Двадцать восьмого числа двенадцатого месяца госпожа Мэй прислала в усадьбу целую кучу новогодних подарков и велела передать, чтобы Бянь Ицю пораньше вернулся и разделил с ней ужин в канун праздника. Особо подчеркнула: обязательно взять с собой дядю Ши. Причина проста: чем больше людей, тем веселее. 

Дядя Ши с тех пор как покинул «Сюйюань», ни разу туда не возвращался. Бянь Ицю чувствовал, что тот не хочет туда идти, и уже собирался вежливо отказаться, но дядя Ши неожиданно согласился. Его тон был почтительным, слова — мягкими, и никаких эмоций на лице не читалось. В канун Нового года он даже надел новый костюм, стилизованный под английского дворецкого, выглядел свежим, бодрым и помолодевшим, даже его осанка стала прямой. 

Подарки для госпожи Мэй отправили в «Сюйюань» накануне, вместе с искусной поварихой тётушкой Цинь. Госпожа Мэй по телефону похвалила Бянь Ицю за внимательность: мол, уже полгода мечтала о её фирменном блюде — лотосовых корнях с клейким рисом и османтусом. Даже лучшие шеф-повара ресторанов не смогут повторить этот вкус. 

Госпожа Мэй была в прекрасном настроении и щедро одарила слуг красными конвертами. Особенно толстый конверт достался Бянь Ицю. На новогодний ужин подали десять блюд — символ благополучия и совершенства. Бянь Ицю попробовал каждое и выпил с госпожой Мэй несколько бокалов. 

Госпожа Мэй была классической красавицей из южных земель. В молодости — нежная и изящная, в зрелости — элегантная и благородная.
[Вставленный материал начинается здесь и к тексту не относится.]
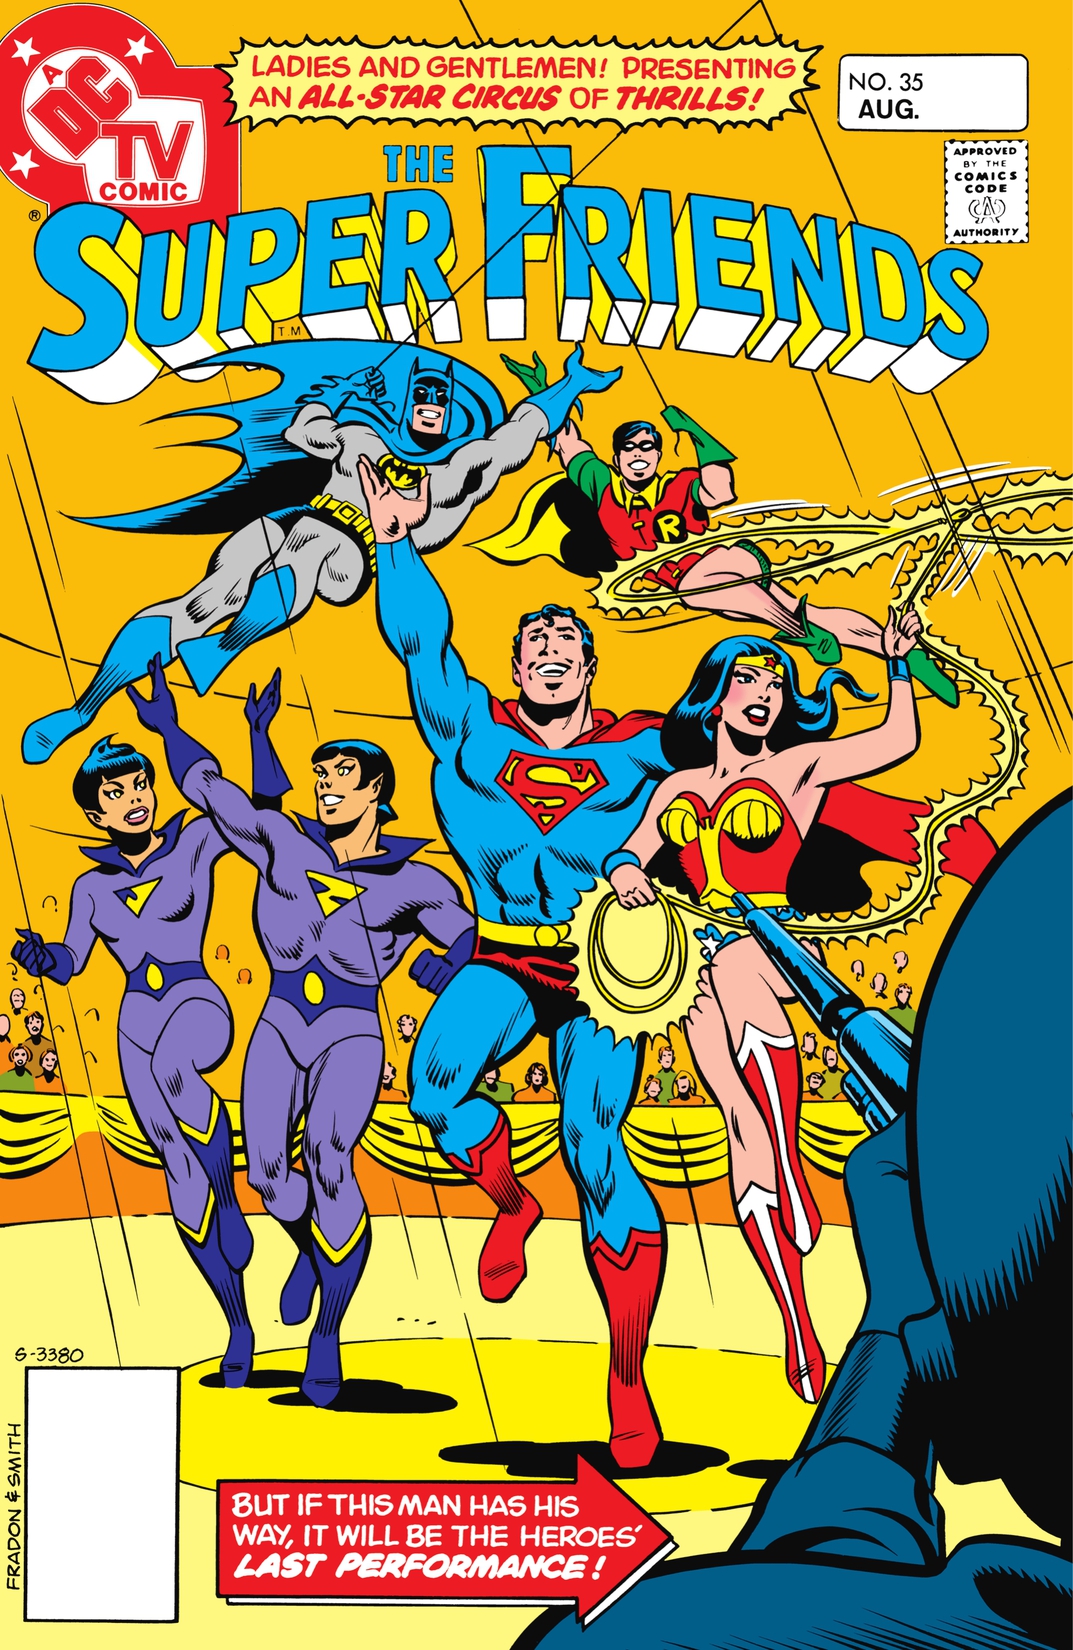 Super Friends (1976-1981) #35 preview images

В свои сорок с небольшим она излучала спокойствие, присущее шестидесятилетним. 

После ужина по традиции началось ожидание Нового года. Не обошлось без банальностей: включили телевизор с новогодним гала-концертом, старшие слуги составили госпоже Мэй компанию за карточным столом, а Цзо Чэн с ребятнёй запускал во дворе хлопушки и фейерверки, поднимая невообразимый шум. Дядя Ши после ужина куда-то исчез, и что странно — госпожа Мэй даже не поинтересовалась, где он, будто его и не существовало. 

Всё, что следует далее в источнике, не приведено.